Upcoming dam in Gilgit-Baltistan, Pakistan

Bunji Dam is proposed large hydro-power project on Indus River in Bunji, Gilgit Baltistan, Pakistan. If built it would be Pakistan's second largest hydropower project.

The feasibility study of the project was carried out by joint consultant firms Artelia and Sogreah Consultants of France, Nippon Koei of Japan and Development, Mott MacDonald of UK and Management consultants, MM Pakistan (Pvt.) Ltd. (MMP), and DMC of Pakistan. The Gravity RCC dam will be 190 m high and will have an installed capacity of 7100 MW. In 2009, Pakistan and China signed an MoU for the construction of Bunji Dam. The accord was signed between Ministry of Water and Power, Pakistan and Three Gorges Project Corporation, China. The construction cost of the dam is US$8.1 billion.

== Project description ==
The project is located on Indus River near Gilgit. The power house and dam sites are 560 km & 610 km, respectively, from Islamabad.

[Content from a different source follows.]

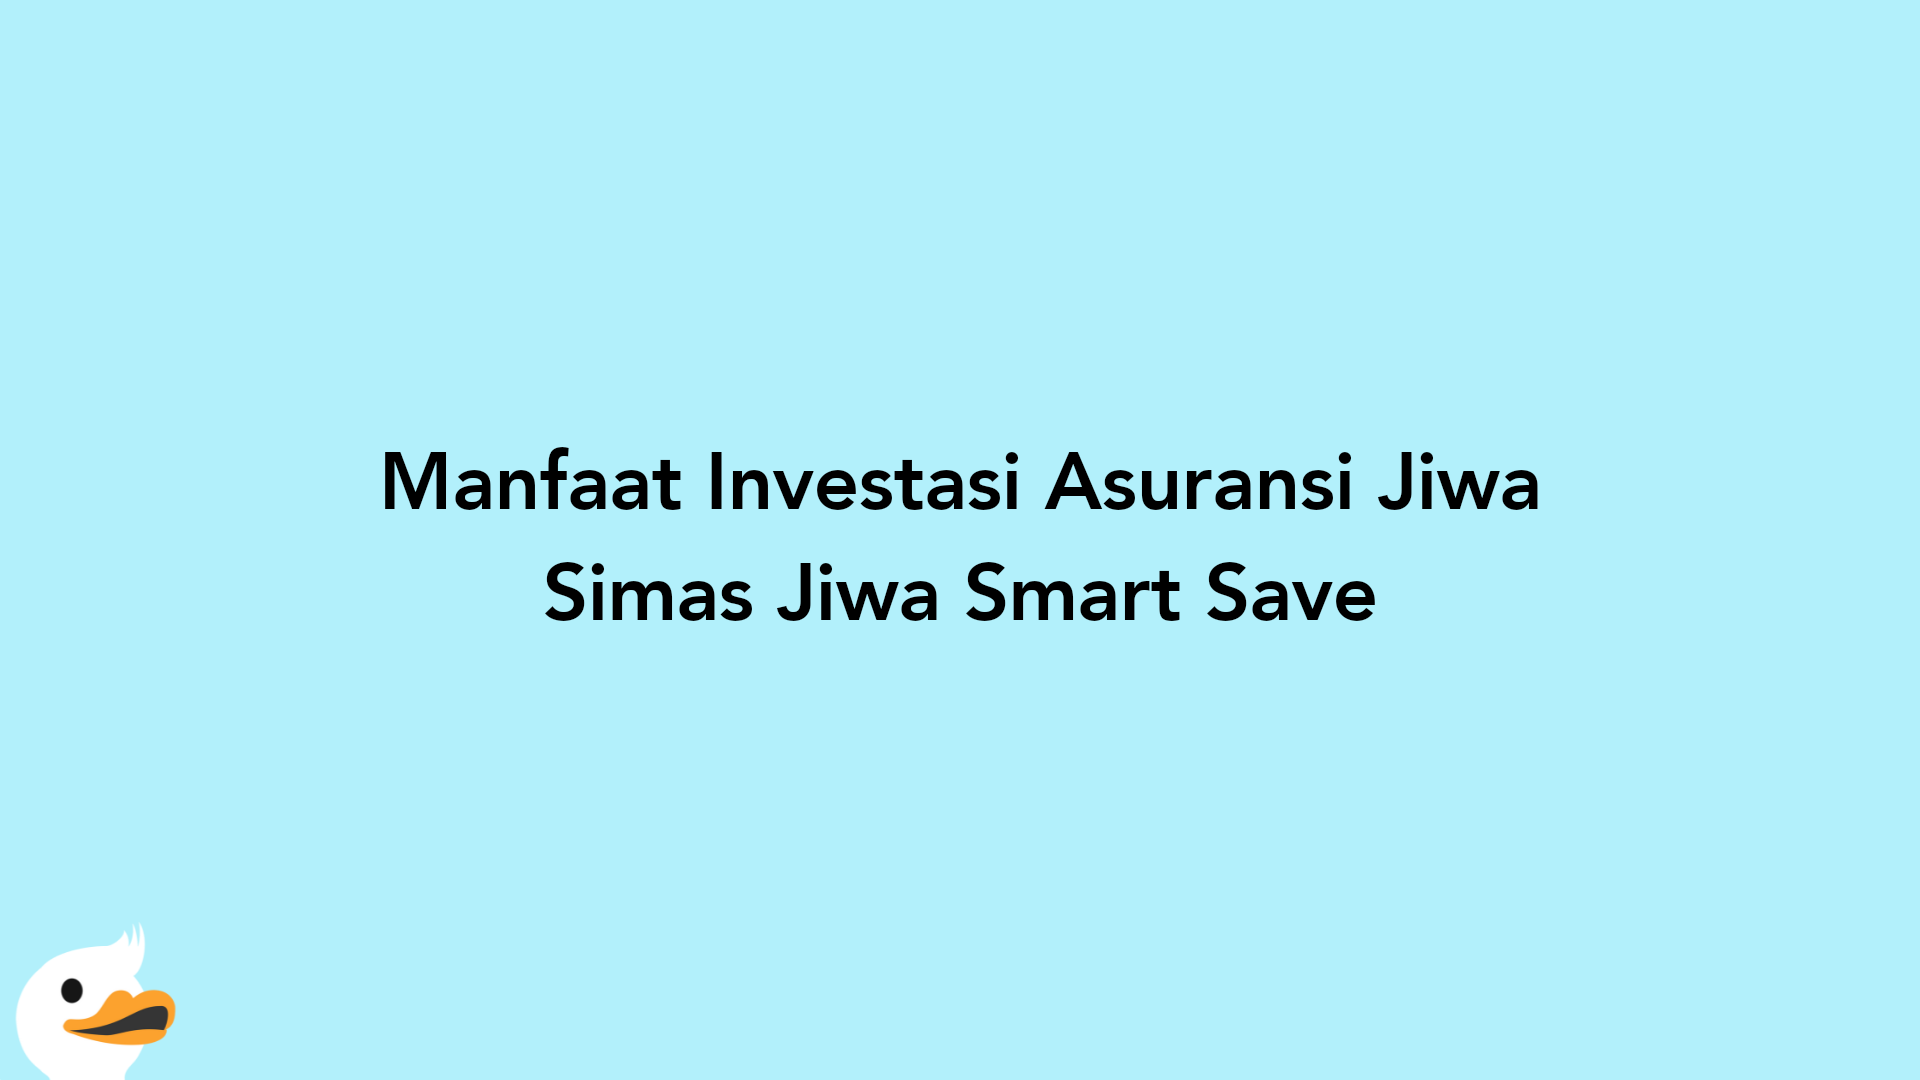 Manfaat Investasi Asuransi Jiwa Simas Jiwa Smart Save

Water and Power Development Authority (WAPDA) completed the pre-feasibility report in March 2005. Consultancy agreement has been extended till September 2012. The final report was expected to be finalized and issue till September 30, 2012. Ministry of Water and Power intended to implement the project through PPIB. Bunji Consultants JV is to complete the Design Report, preparation of Tender Documents and PC-I considering the completed and ongoing investigation up to September 30, 2012. Transmission Scheme for Dispersal of Power from Bunji Hydropower Project to Major Load Centers in the National Grid. The estimated cost is US$8.1 billion.

== Design ==
In May 2013, Water and Power Development Authority (WAPDA) completed the engineering design and tendered documents of the 7,100 megawatt (MW) Bunji Hydropower Project.